PCalvin,
I've used Aperture since it was first released, and have printed photos on my Epson R1800 until a few weeks ago, when I added an Epson 3800.
I produced beautiful prints on the R1800, consistently, with very, very close matches to my calibrated monitor. To get these results, I always choose a profile for the paper I was using, generally Epson's profiles for its papers, and chose my printer, which was set up for the R1800 and the paper in use. ALWAYS printer color management was turned off ("No color management"). And, unlike another responder, I didn't get blocking in shadows. Rather, depending on how well I had processed the file in Aperture (for example, by using the Shadow slider in the Highlight/Shadow box), I was able to get, in the print, more or less detail, the "more or less" being entirely dependent on the extent of my intervention.

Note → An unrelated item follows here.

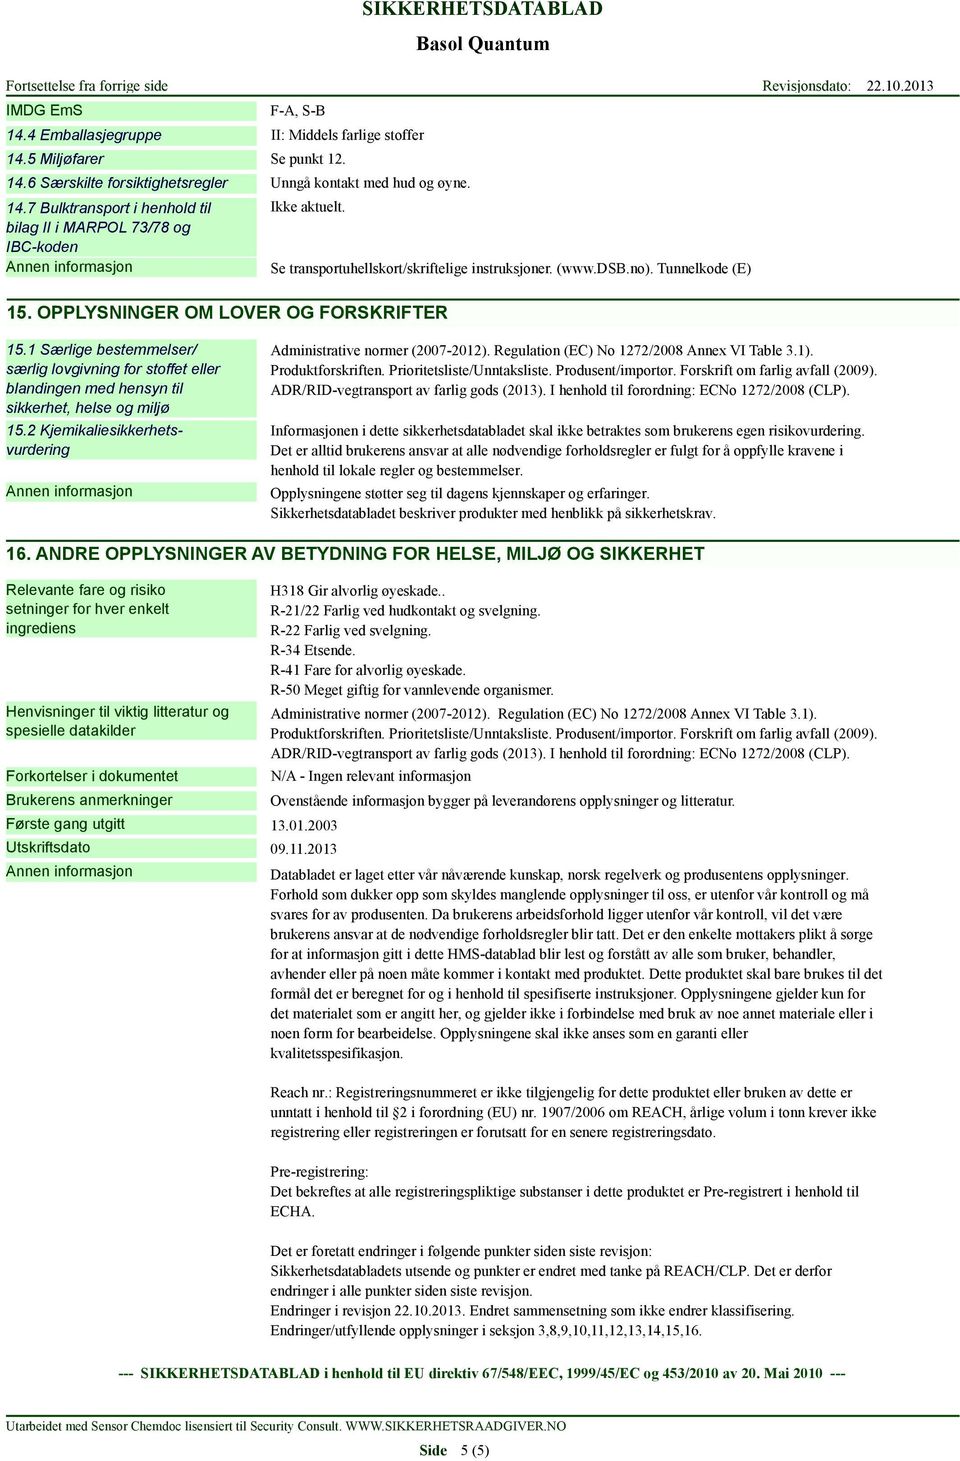 1 Særlige bestemmelser/ særlig lovgivning for stoffet eller blandingen med hensyn til sikkerhet, helse og miljø 15.2 Kjemikaliesikkerhetsvurdering Administrative normer (2007-2012).

In short, I have been thoroughly satisfied with using the Epson R1800 and Aperture. For example, recently I had an image accepted for an international exhibition. The print I made for the exhibition was much larger than my R1800 could handle (20x30 inches), so a colleague - a VERY prominent and successful fine art photographer - allowed me to print the image on his Epson 9800. When I took my image to his studio to print, he looked at the file and urged me to rework it to remove noise and blocking that made the image really crappy. He showed me how the image could be cleaned up in Photoshop. I returned home and, with substantial work and experimenting, I was able to refine the image and produce a version that, when printed in his studio, he praised as "really fine." And, I did all of that work in Aperture, none of it in Photoshop. I even printed a segment of the image on my R1800 with the image sized at 20x30 so that I could see what the texture of the image in the print, on the chosen paper, would look like. (I used the same paper on my R1800 as I used on my colleague's 9800.)
So, it's my experience that gallery-quality printing on really fine papers (Epson Premium Luster; Hanemühle Photo Rag Pearl, used for my exhibition print) can be done on the Epson R1800 using Aperture.